TD muting OWL broadcast works remotely from your home via the cloud

“Right now we’re trying to figure out what we need to do to make this all work when we come back to [in-person] indoor shows in 2022, ”says Smith. “Hawaii gives us a glimpse of what this will all look like when we return to this hybrid production model and [in-person] events.

“When we come back to on-site shows, that doesn’t mean we’re just going to kill all production in the cloud. [workflows] and return to the trucks. For us, trucks are just not profitable anymore because we can do all this production work in the cloud with a small team on site. There isn’t a world in which we’re going to go back to traditional television broadcasting; it’s just not effective for us.

The observers – as well as the majority of the crew – continue to work remotely from their homes.

Smith adds that the team is currently working with Grass Valley to enhance the cloud-based GV AMPP (Agile Media Processing Platform) SaaS production solution and leverage it for OWL and Call of Duty League productions in 2022.

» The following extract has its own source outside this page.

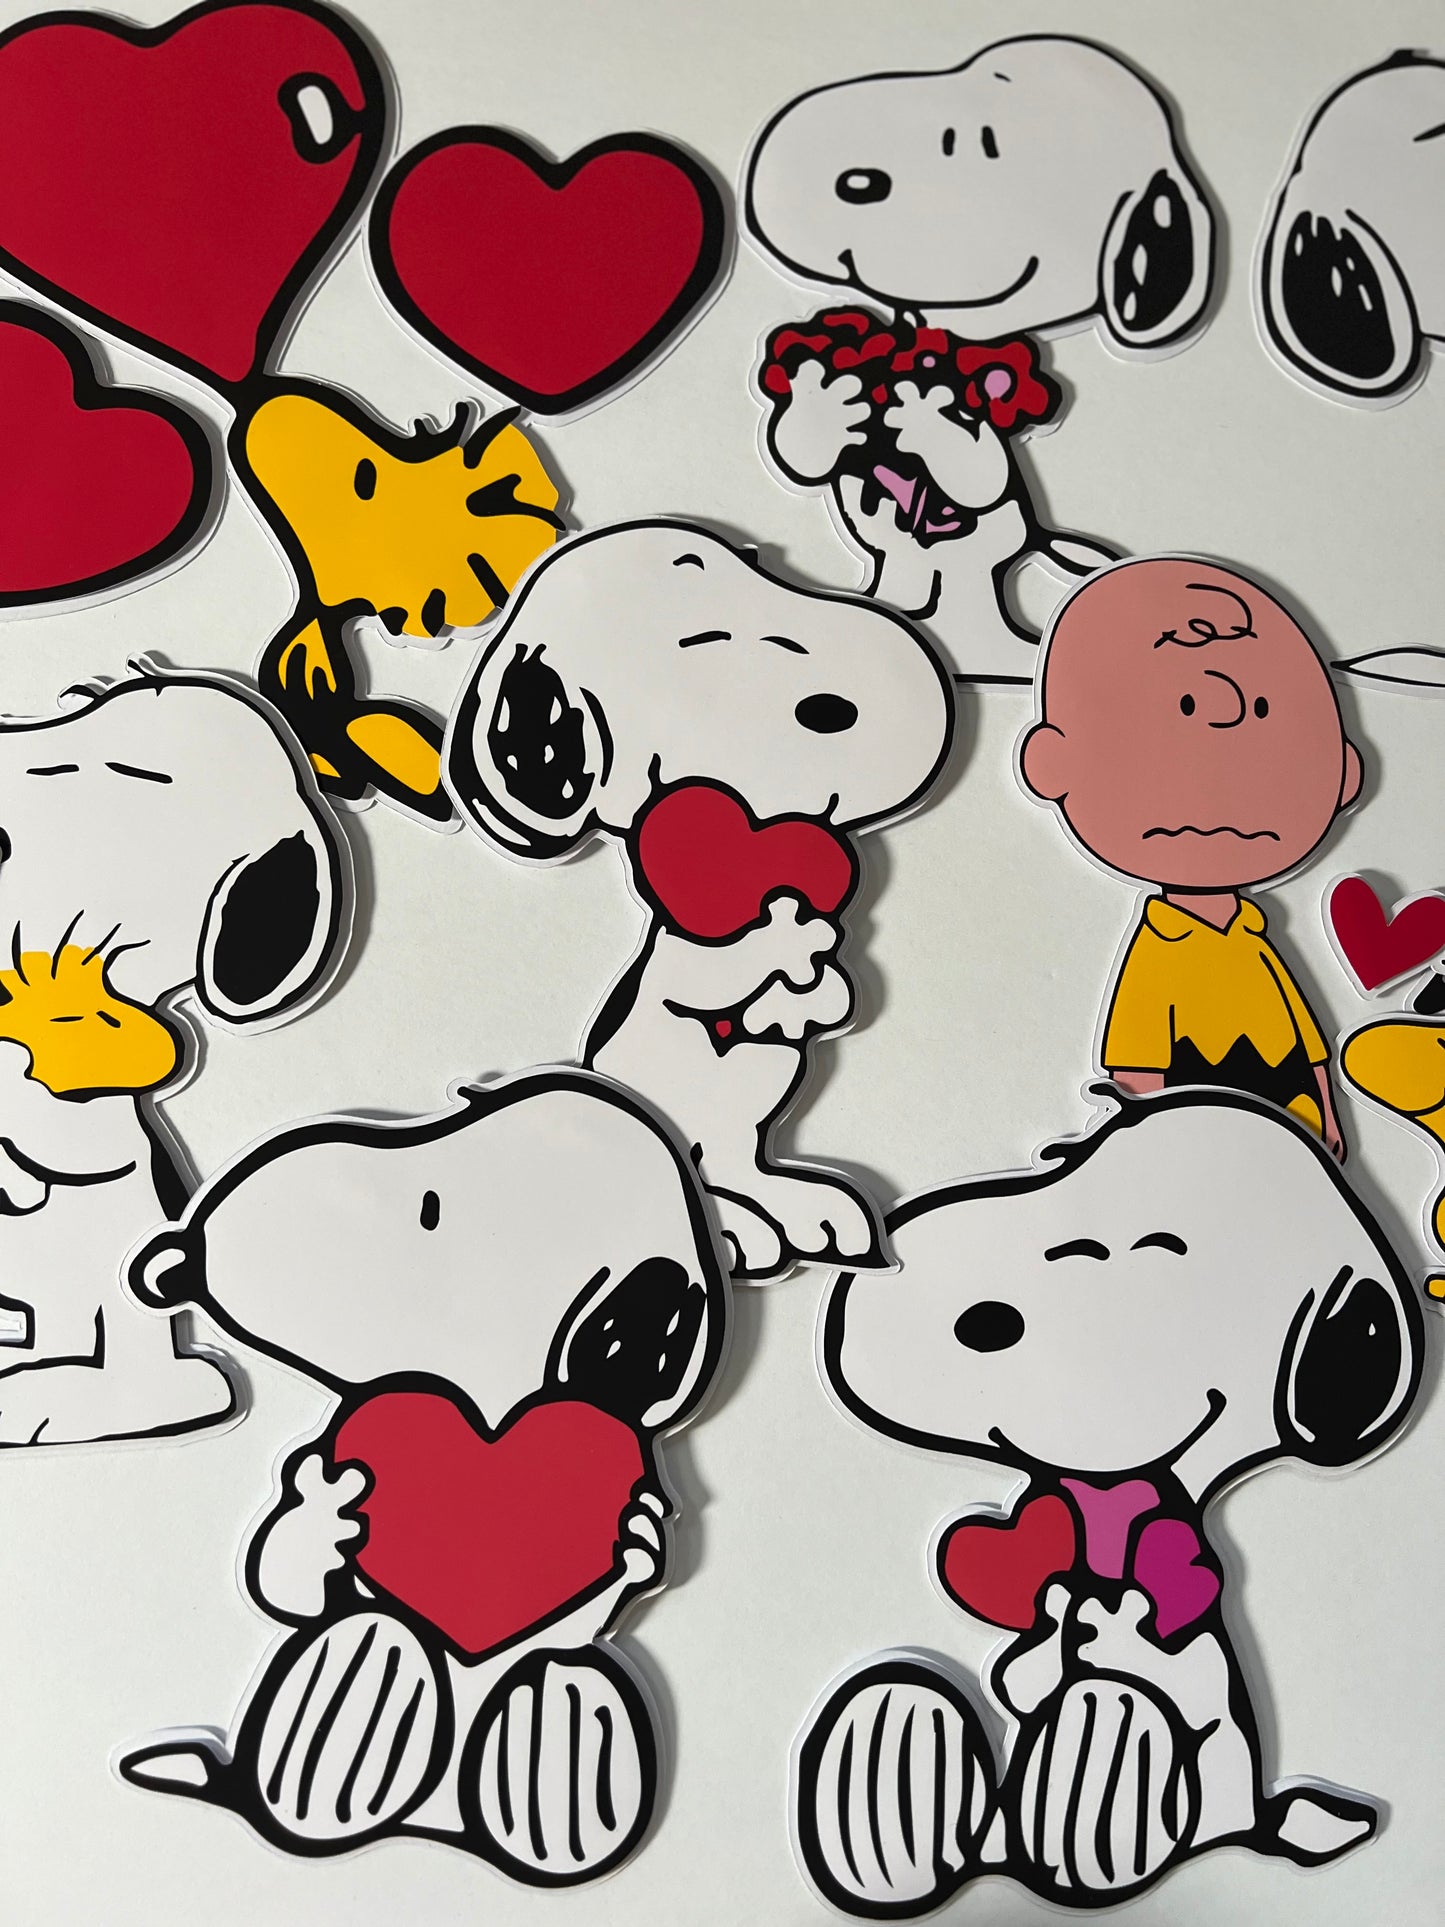 Snoopy cutouts

Cole notes that the agility offered by the cloud opens up a whole new range of possibilities: “The nature of the cloud has allowed us to be very agile with our workflows. When you think about it, all we need for a show are a few small-scale switches, cameras, and lots of PCs. Everything else is in the cloud. It gave us a vision for the future where we can certainly make things happen in no time.

“During the pandemic,” he continues, we basically said there was no challenge we couldn’t meet. Whatever the challenge, we’ll find a way to solve it.